There might have been something fundamental as well – the increasing belief that the US economic recovery will be hot but short. Or as Lewis Alexander of Nomura said on BTV on Thursday that the peak of economic strength is likely to be Q2.
- I want to point out on the big $1.5 trillion jobs plan that was passed, CBO’s estimate is they are going to spend $1.2 trillion of that before September; that’s extremely front-loaded …. peak in growth of the cycle for us is the 2nd quarter, the quarter we are in now …

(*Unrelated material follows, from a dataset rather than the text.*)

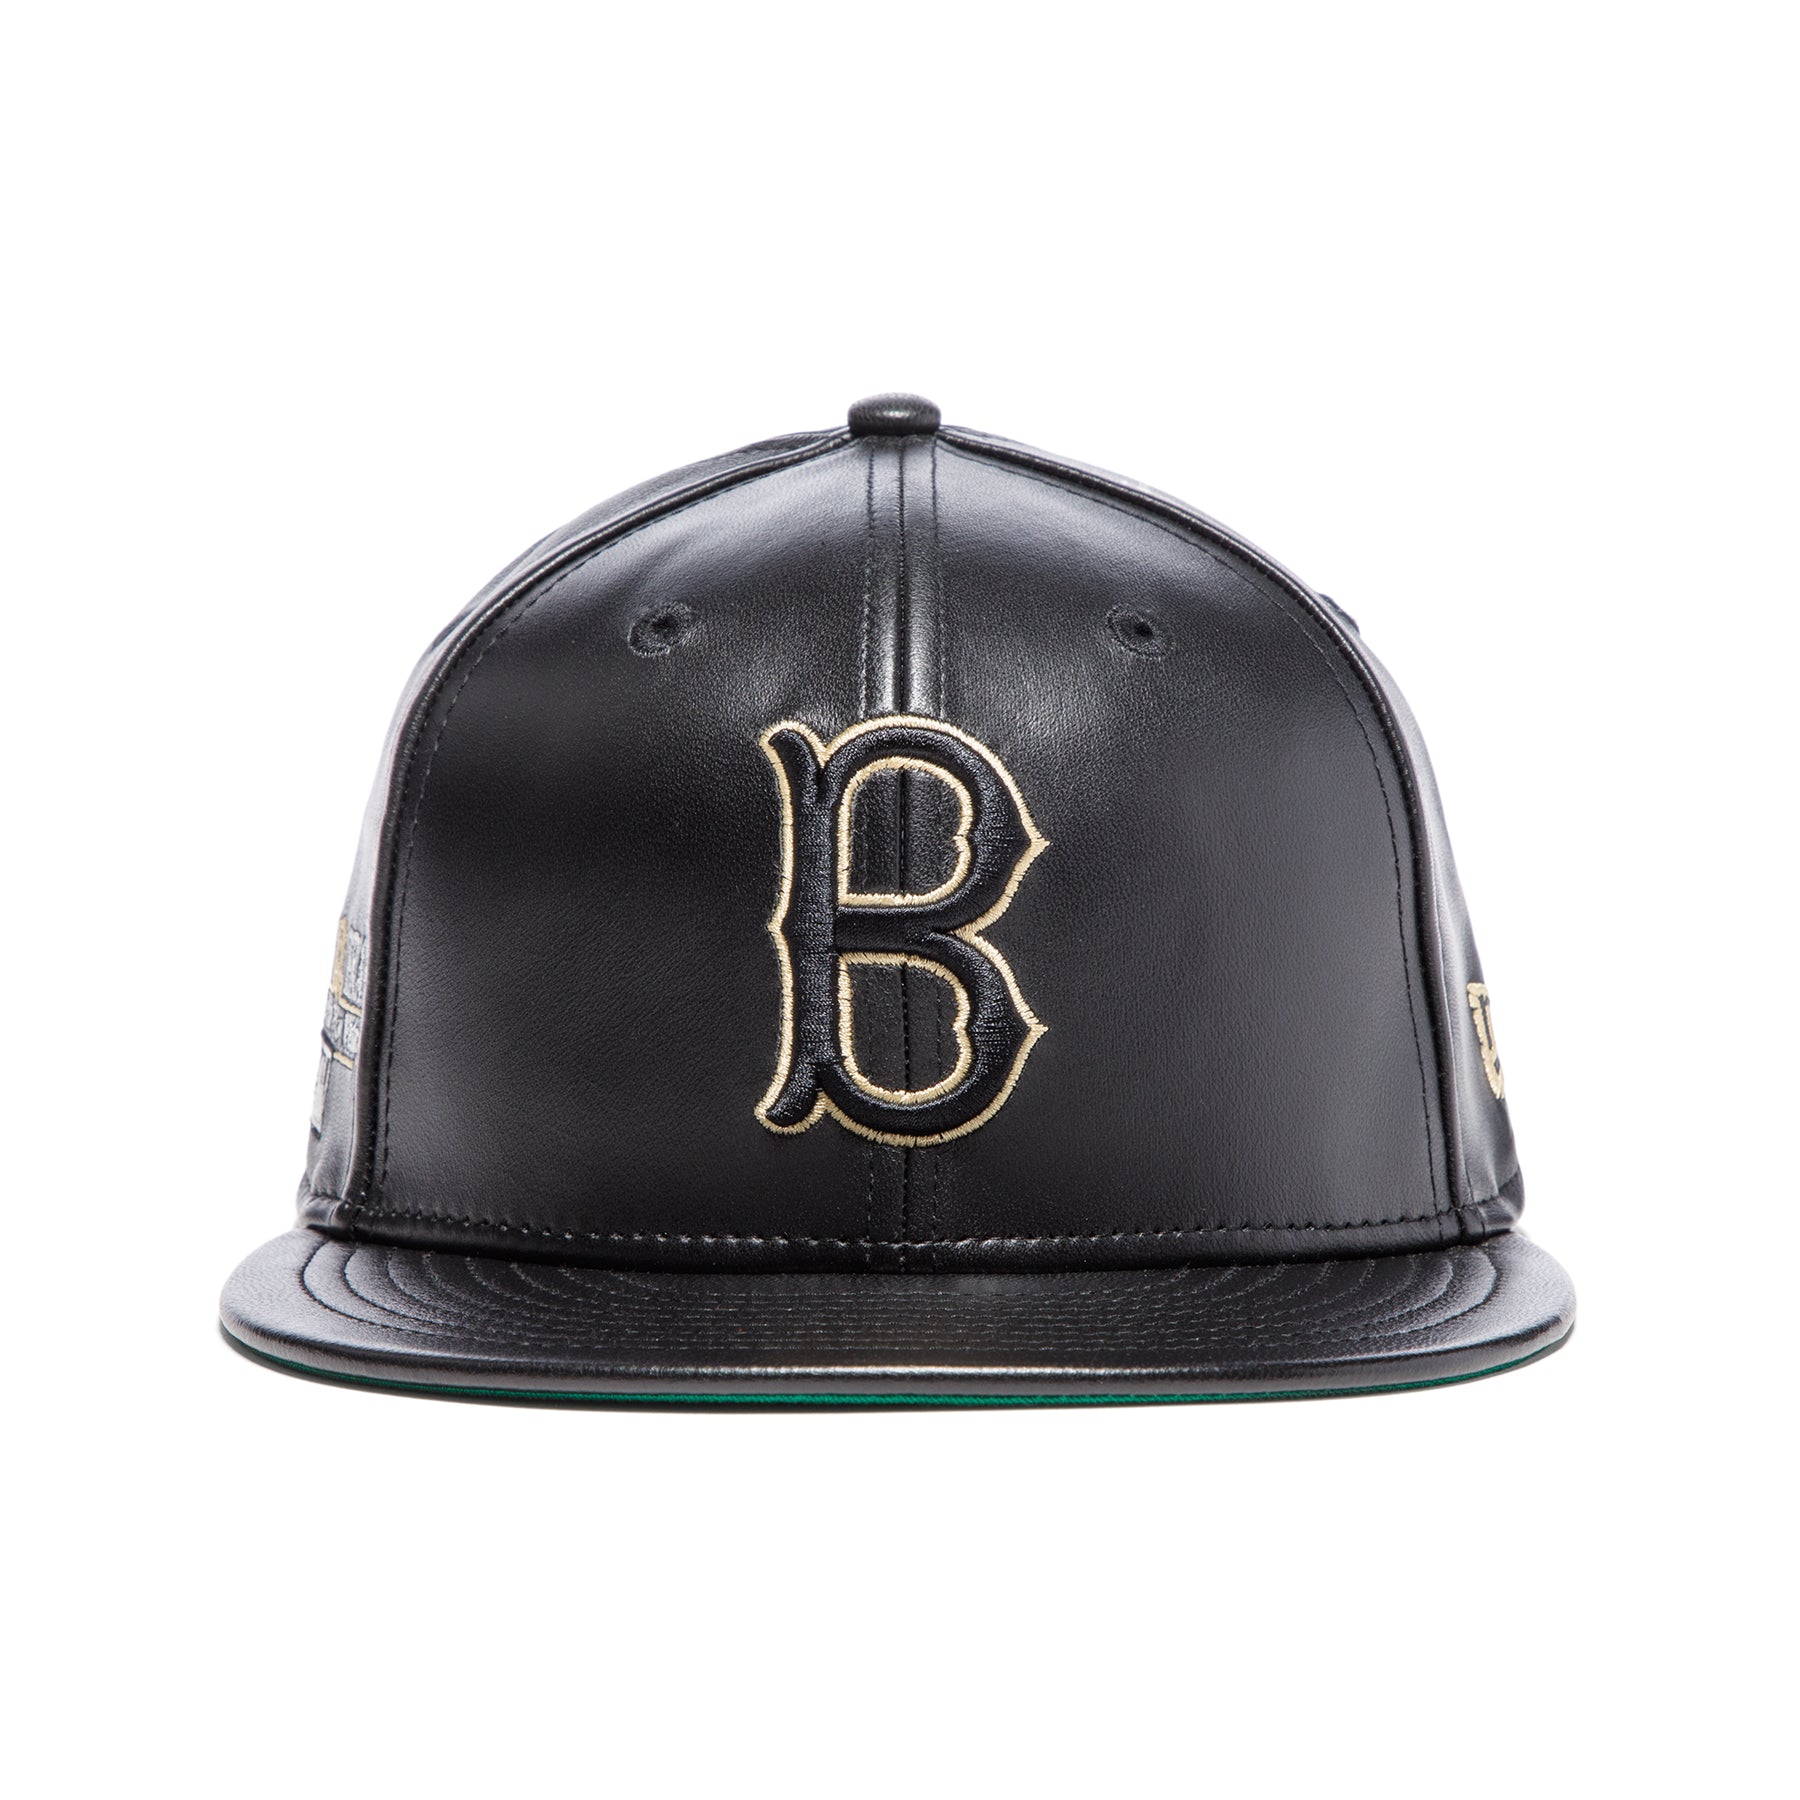 New Era 59FIFTY Fitted Hat (Black) 7

Then you have the Fed’s Beige Book released the day before on Wednesday:
- David Rosenberg@EconguyRosie – Apr 14 – Beige Book theme: Inflation seen as temporary and more a margin squeeze problem for stocks than a true price-pressure problem for bonds. Here we are in an alleged inflationary boom, and the term “moderate” was used 105 times versus 73 six weeks ago.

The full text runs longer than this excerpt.